The G20 gives the green light to the fiscal big bang



The G20 agreement sparked a concert of enthusiastic reactions, from US Treasury Secretary Janet Yellen who called on the world “to act quickly to finalize” the reform, to European Commissioner for the Economy Paolo Gentiloni who spoke of a ” victory for tax fairness ”.

The finance ministers approved a reform considered “revolutionary” in the taxation of multinationals, already approved by 132 countries and which promises to permanently shake up international taxation. They called on recalcitrant countries to join the deal, a call that was heard by Saint Vincent and the Grenadines, a small Caribbean country, which just signed the declaration.

A worldwide corporate tax of “at least 15%”

There is “no turning back possible”, welcomed the French Minister of the Economy Bruno Le Maire, calling now to “effectively implement the reform of international taxation by 2023”. Introduce a global corporate tax of “at least 15%” to sound the death knell for tax havens and tax companies where they earn their revenues: this agreement, the rules of which should be fine-tuned by October, must be implemented from 2023.

“Today we are operating a tax revolution. We are turning our backs on decades of tax-lowering which has shown it to be totally ineffective, ”he added. Several G20 members, including France, the United States and Germany, are campaigning for a rate above 15%, but it should not budge until the next meeting of the 19 richest countries in the world and the European Union in October.
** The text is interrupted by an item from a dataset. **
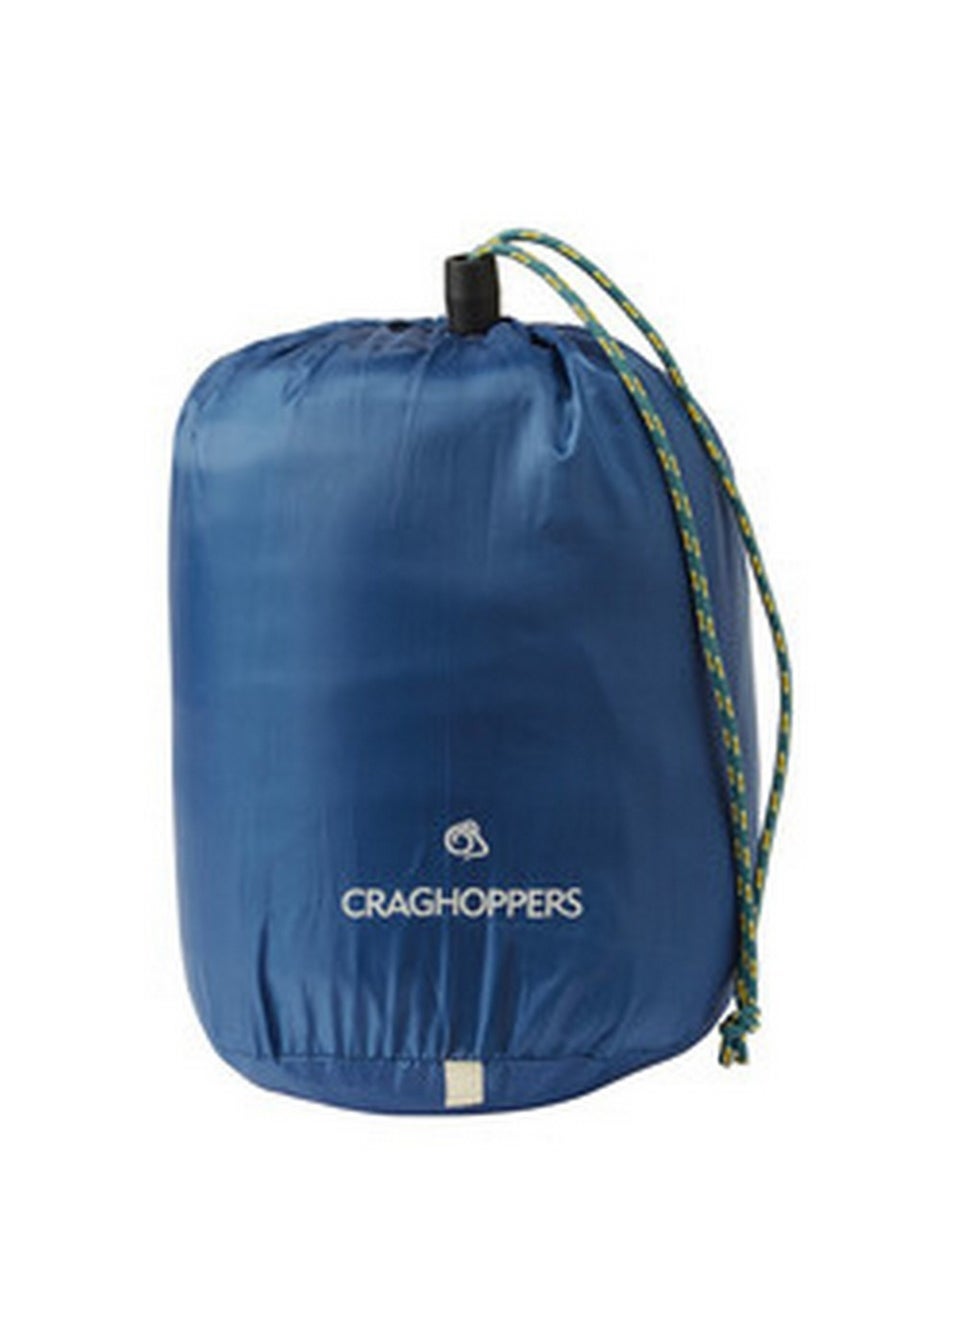 Craghoppers Teal Blue Stretch Sleeping Bag Liner

But several members of the working group of the Organization for Development and Economic Cooperation (OECD) who reached an agreement in principle on July 1 are still missing, such as Ireland and Hungary. Ireland has been practicing a rate of 12.5% ​​since 2003, which is very low compared to other European countries, which has enabled it to host the European headquarters of several technology giants such as Apple and Google.

Distribute taxes

The pillar number 1 of the reform aims to distribute equitably between countries the rights to tax the profits of multinationals. For example, a company like the oil giant BP is present in 85 countries. In their sights, the “100 most profitable companies in the world, which alone make half of the world’s profit”, including the Gafa (Google, Amazon, Facebook, Apple), explained Pascal Saint-Amans, director of the Center. OECD Tax Policy and Administration.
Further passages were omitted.